__How to complete this task__.
What is needed is a word-for-word copy of the lines below from the one with "alarme de proteção" through the one with "Ferenc császárnak 44", both included, with every picture left out.

__Records provided__.
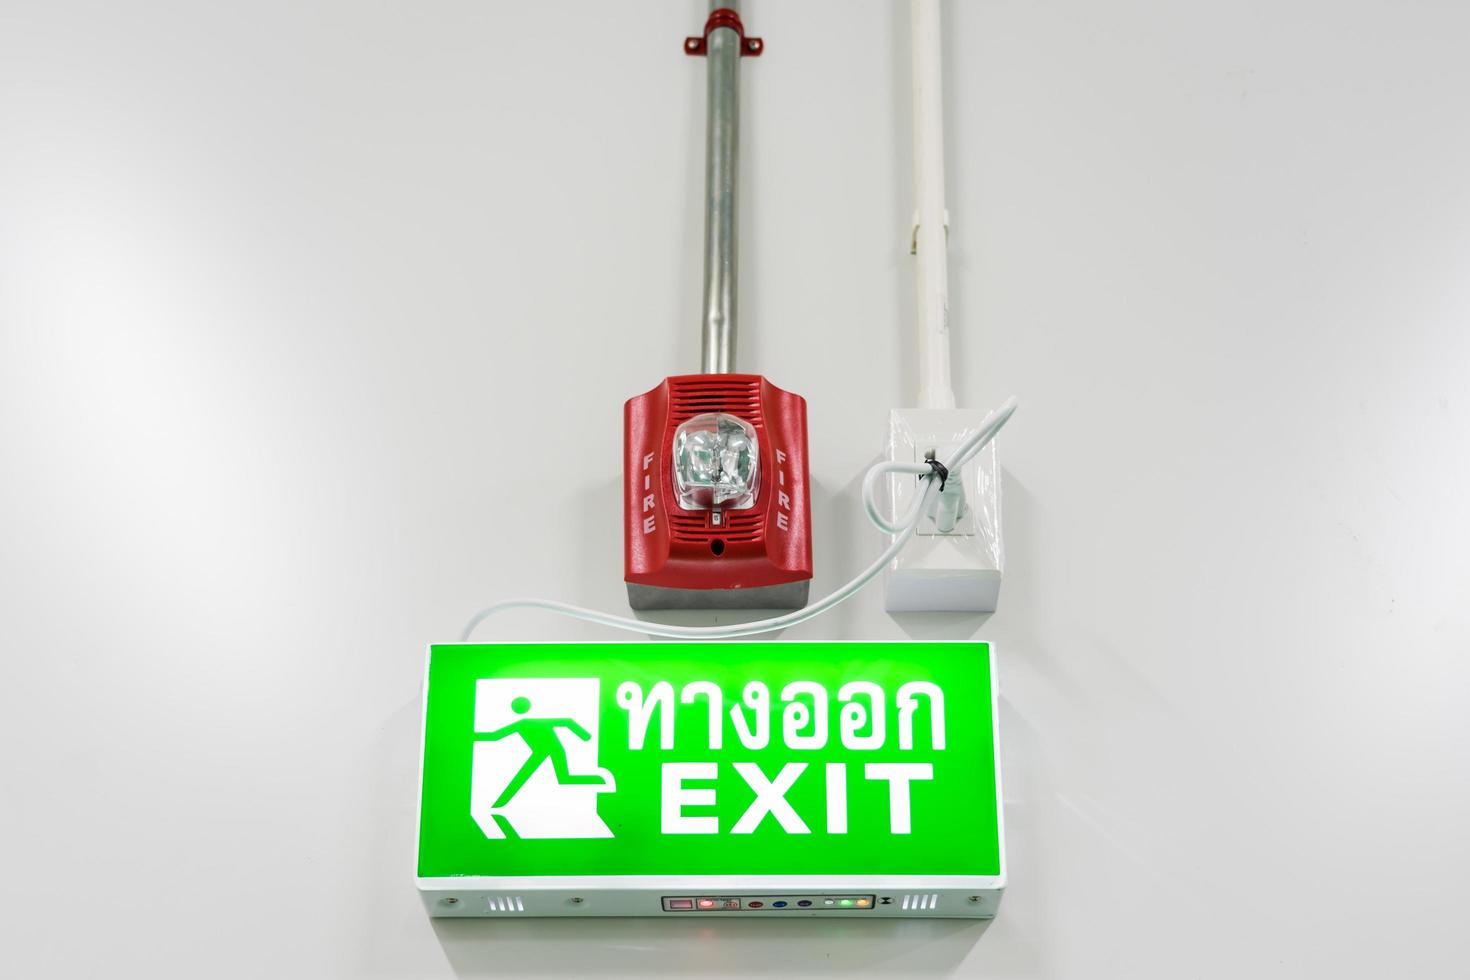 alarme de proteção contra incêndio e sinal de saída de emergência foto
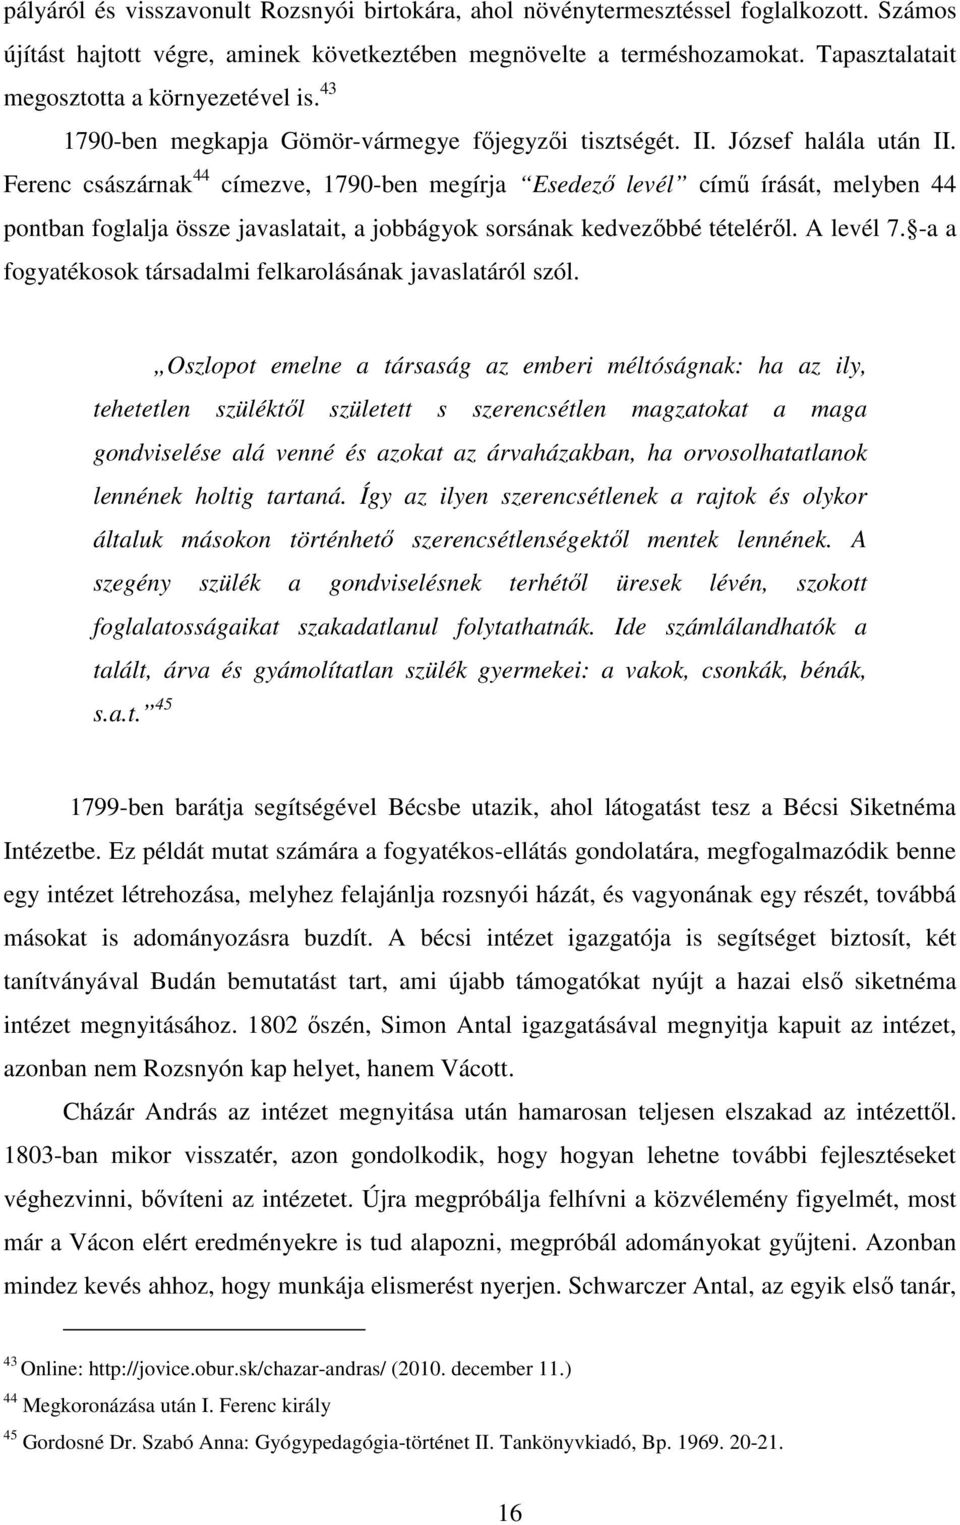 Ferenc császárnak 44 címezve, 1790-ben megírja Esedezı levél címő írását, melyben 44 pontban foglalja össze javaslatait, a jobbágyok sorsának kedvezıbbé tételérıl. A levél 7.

...

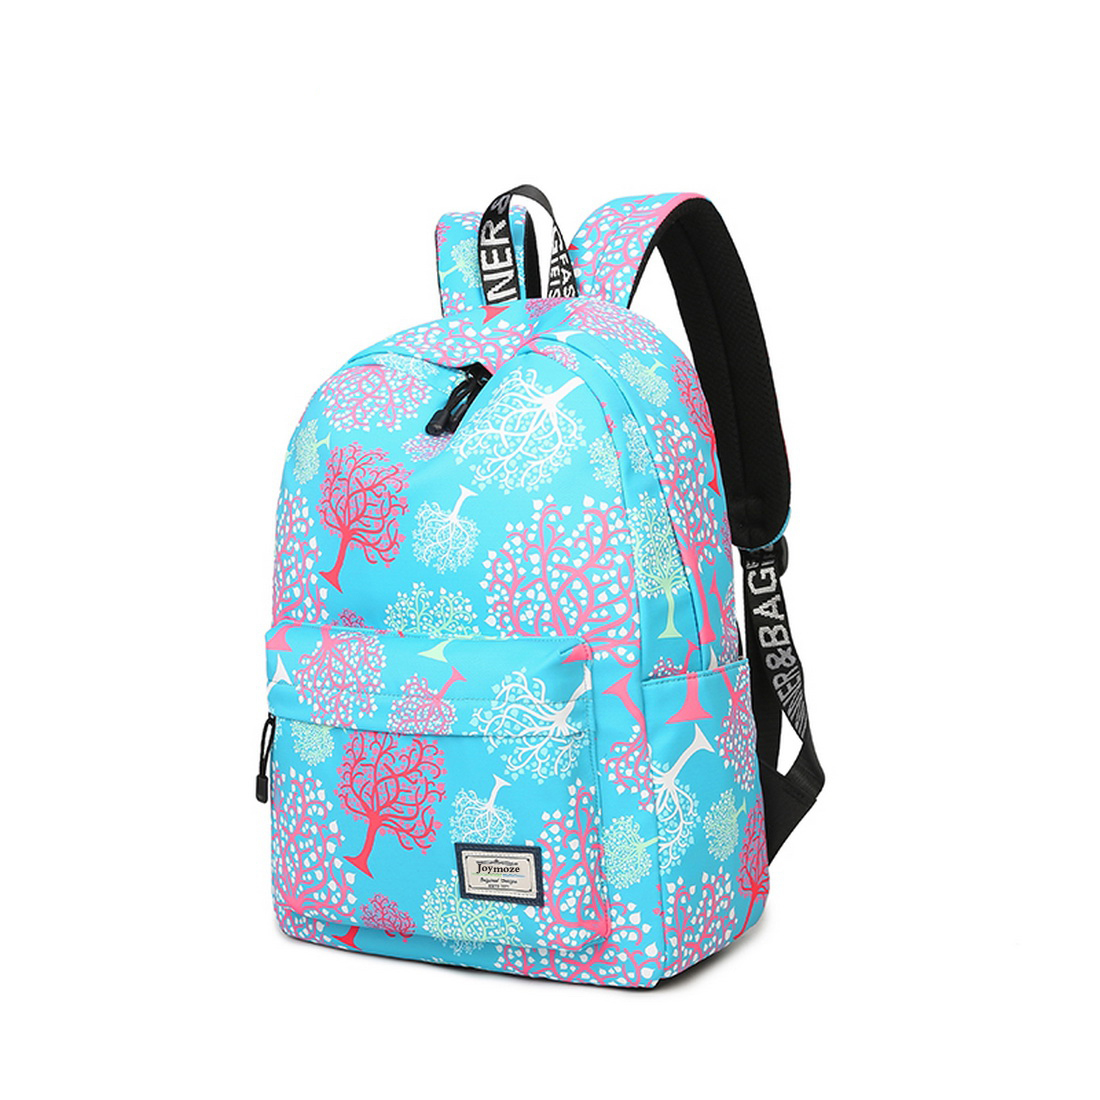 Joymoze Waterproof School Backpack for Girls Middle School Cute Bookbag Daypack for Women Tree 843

__Written solution__.
 alarme de proteção contra incêndio e sinal de saída de emergência foto
 Ferenc császárnak 44 címezve, 1790-ben megírja Esedezı levél címő írását, melyben 44 pontban foglalja össze javaslatait, a jobbágyok sorsának kedvezıbbé tételérıl. A levél 7.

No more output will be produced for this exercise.